After memory work, we read a poem from our Middle Ages Morning Time plans — Thomas Hardy’s “A Cathedral Façade at Midnight.” I show the kids a picture of statues on the outside of European cathedrals.
I know they don’t “get” what the poem is talking about, and I resist the urge to explain. We talk for a few minutes about the personification of the moon in that poem and they really enjoy that part.
Finally, I read about half of You Wouldn’t Want to Work on a Medieval Cathedral and save the rest for tomorrow. We were excited to make some connections between the book and our IEW writing lesson from co-op on Tuesday.
We end Morning Time by blowing out the candle (today was John’s turn) and singing “The Doxology.” Normally there is a flurry of tidying the table, pulling out books, and stalling as our table work begins. They plead and we actually begin the day by listening to our audiobook of Adam of the Road for a literature class. It buys them some extra drawing time.

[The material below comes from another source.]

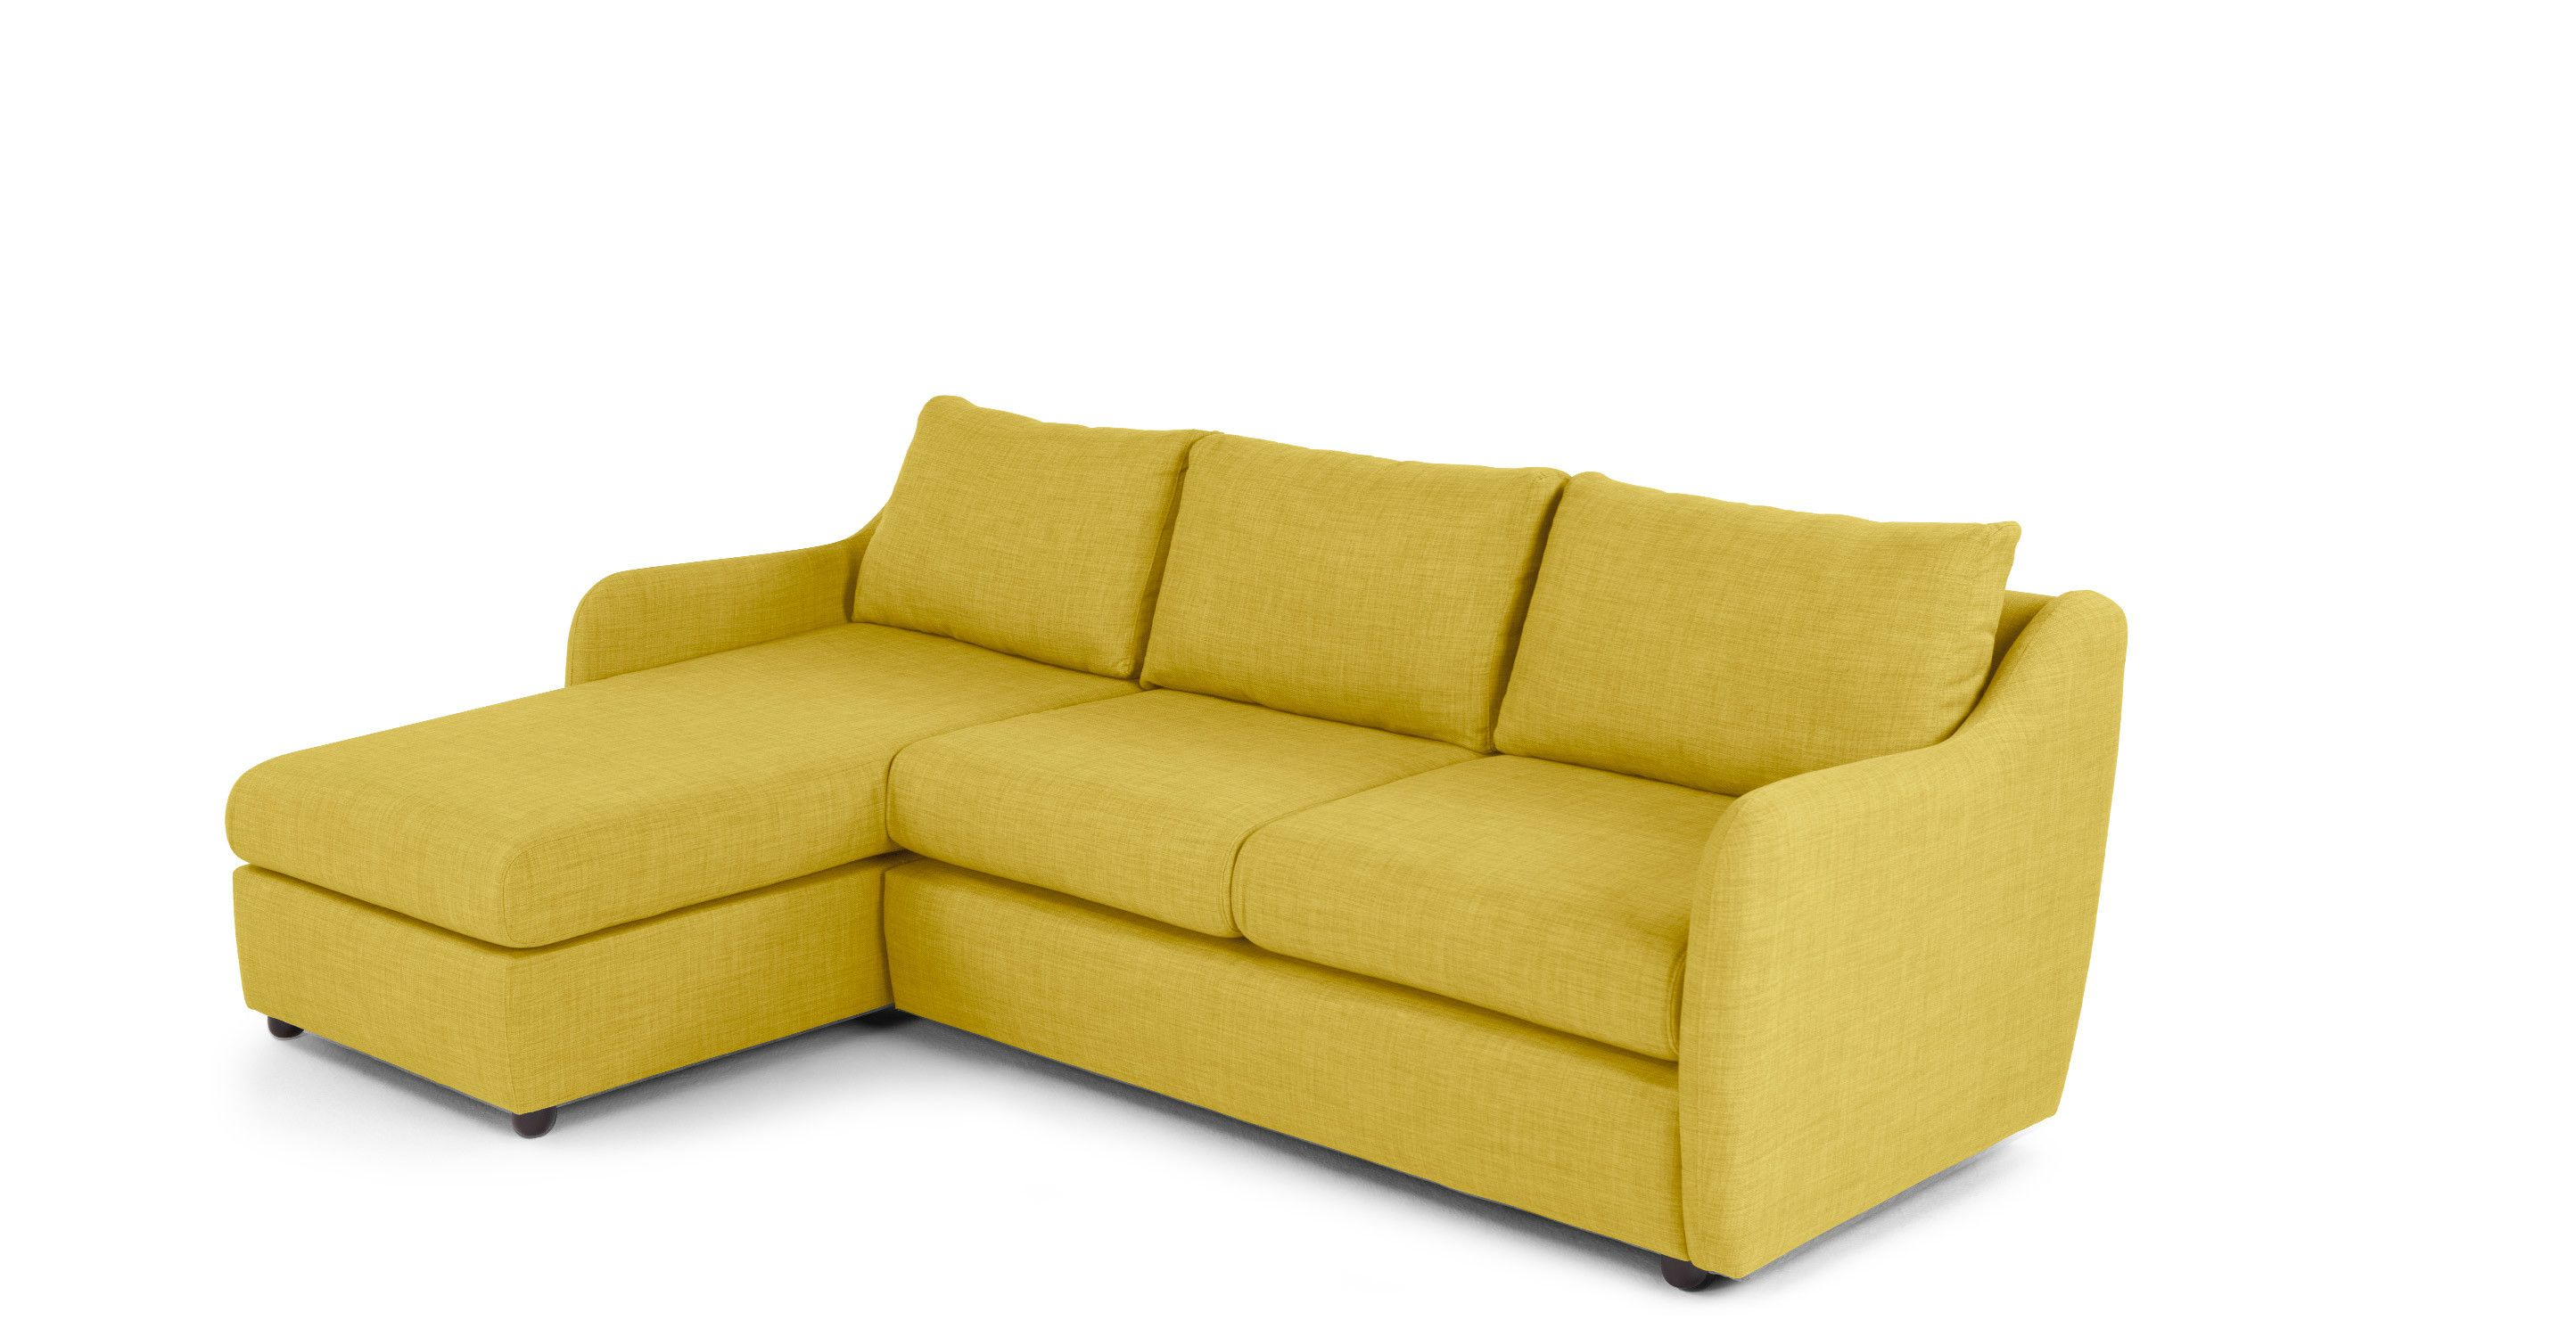 Pin By Chloe Carroll On Interiors Etc Corner Sofa Sofa Sofa Online
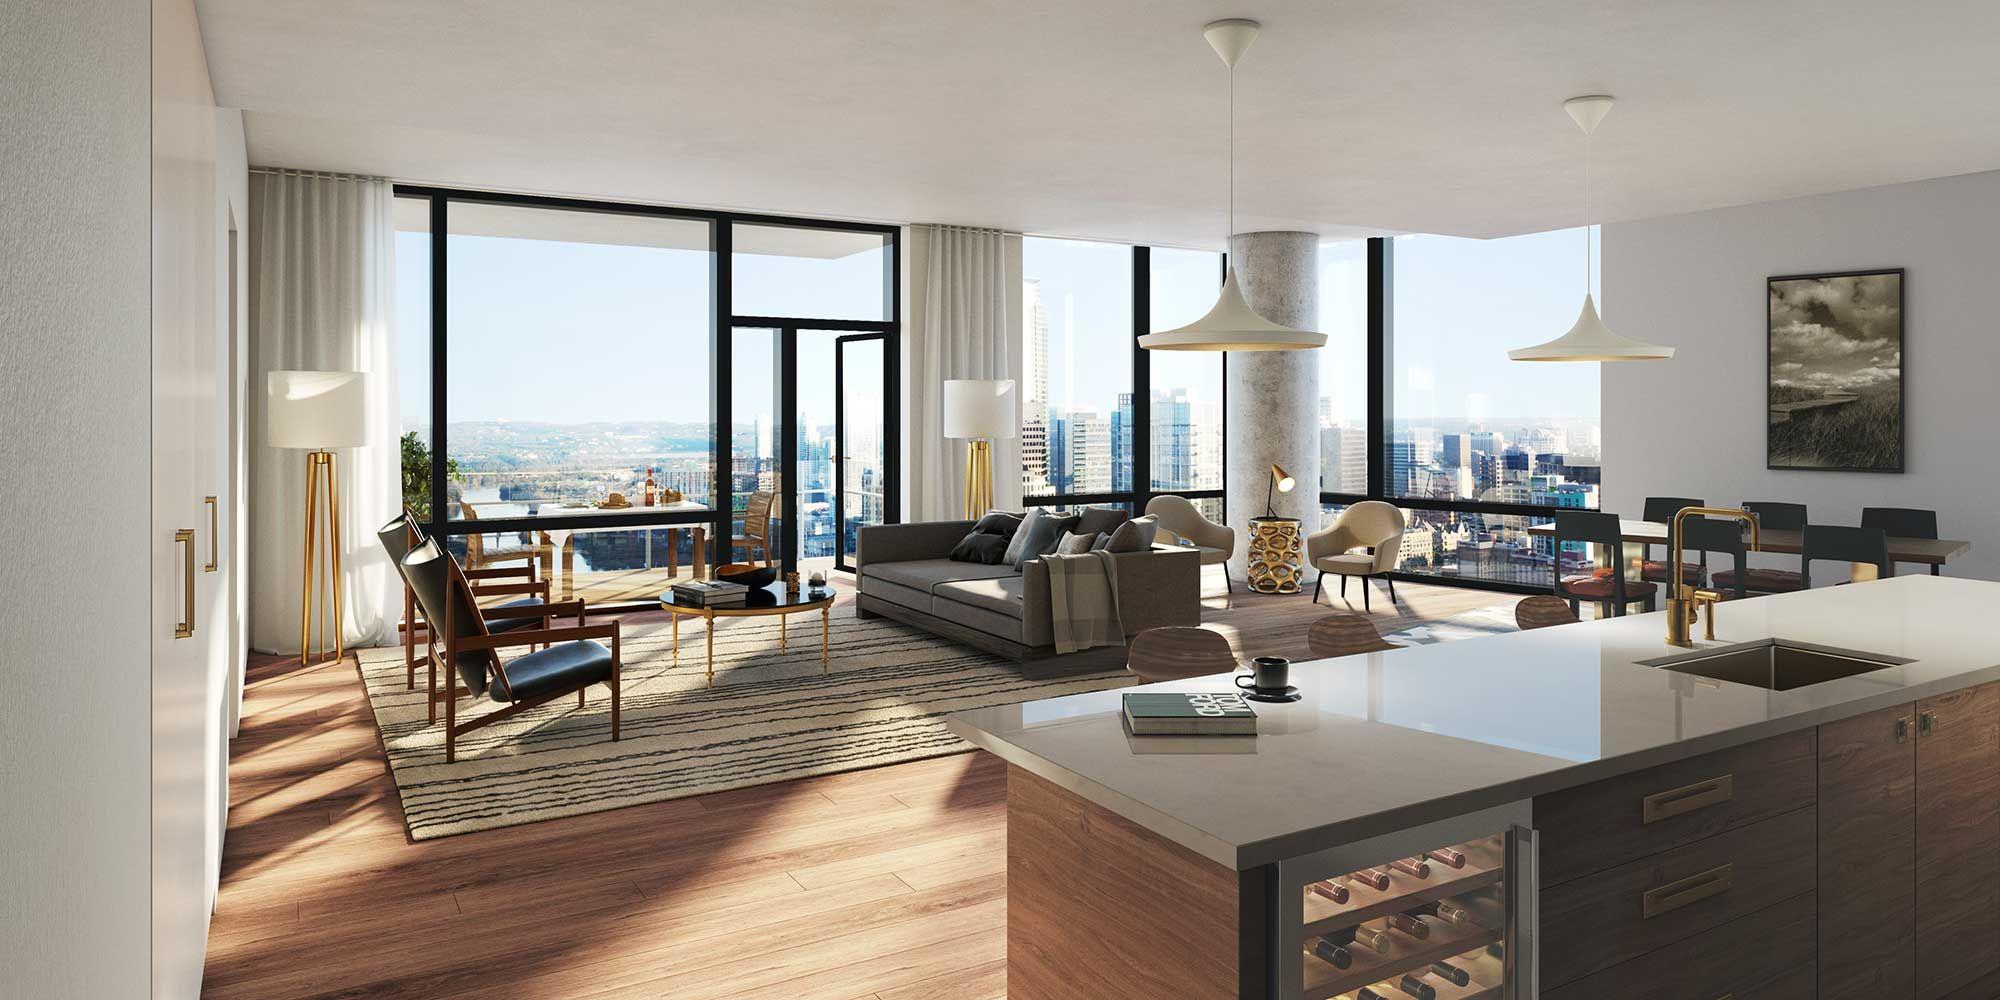 Austin Modern Luxury Condos Rendering

I sneak away and finally get in the quiet time I missed that morning. I spend a few minutes reading Scripture and my current book (an advance copy of The Read-Aloud Family — good stuff).
Next is table work
This is the time of day when each of the kids is working on more independent subjects. I try to finish with the 8-year-old first. My logistical secret is to get him done and off playing so I can focus on the other two. It works some days better than others.
Today goes pretty well. He does Math-U-See, All About Reading, All About Spelling, Song School Latin, and steel drum practice. I am at-elbow or directly involved with many of his subjects. When he wants to, he can be done and gone in a little over an hour.
While we are working, the other two kids are at the table doing their independent studies. My 10-year-old does Math-U-See, All About Spelling, All About Reading, and handwriting. My oldest does Math-U-See, Phonetic Zoo, piano practice, A Sentence a Day, and handwriting. Together they do IEW, Famous Men of the Middle Ages, literature, and science for co-op.
So table time is a dance between working with the kid who needs me to teach a lesson and simply being there and available as they work independently. I make it a point to stay engaged during school time and not wander farther than the laundry room or a quick trip to load the dishwasher.
Late in the morning, Olivia heads off to the kitchen to make a lunch of quesadillas and applesauce. I love having someone else who can do that while I finish up the day with her brother. The kids eat while I read science to them.
Play and work
Finally, we are done around 1 p.m. Normally we would head off on Thursday afternoon for a playdate at my friend Jessica’s house. I enjoy that time to unwind and chat with a fellow homeschool mom. Since Jessica lives on a quiet cul-de-sac the kids have free reign of the neighborhood to ride bikes and play. Today Matt takes the kids and drops them off without me since I am under a deadline for work.
I spend the afternoon working on book launch tasks for Better Together, my new book about Morning Time, and I prep for my weekly Instagram and Facebook Live videos. Meanwhile, Matt gets the kids from their playdate and runs them to dance and Ninja Gymnastics.
Fortunately for me, I remembered to thaw an extra pasta and cheese casserole I made a couple of weeks ago as part of my proactive homeschooling plan. I put it in the oven about 5 p.m. All I have to do is throw a salad together about 6 p.m. and dinner is done.
The evening is dinner, baths, bedtime routines, and then some TV with Olivia. She and I are binge-watching Once Upon a Time on Netflix. I am glad — that’s all I have the energy for.
The great thing about homeschooling is that every day is different. Jessica has already texted me asking if we would spend tomorrow morning at our local nature park. (Temps in the 60s with sunny skies? Ummm, yes, math can wait.) Tomorrow afternoon is our bi-weekly family cleaning session. Different days keep it all fresh.
The rewards of homeschooling are getting to spend your days as a family, experiencing the moments when wonder and learning collide. I wouldn’t trade that for anything.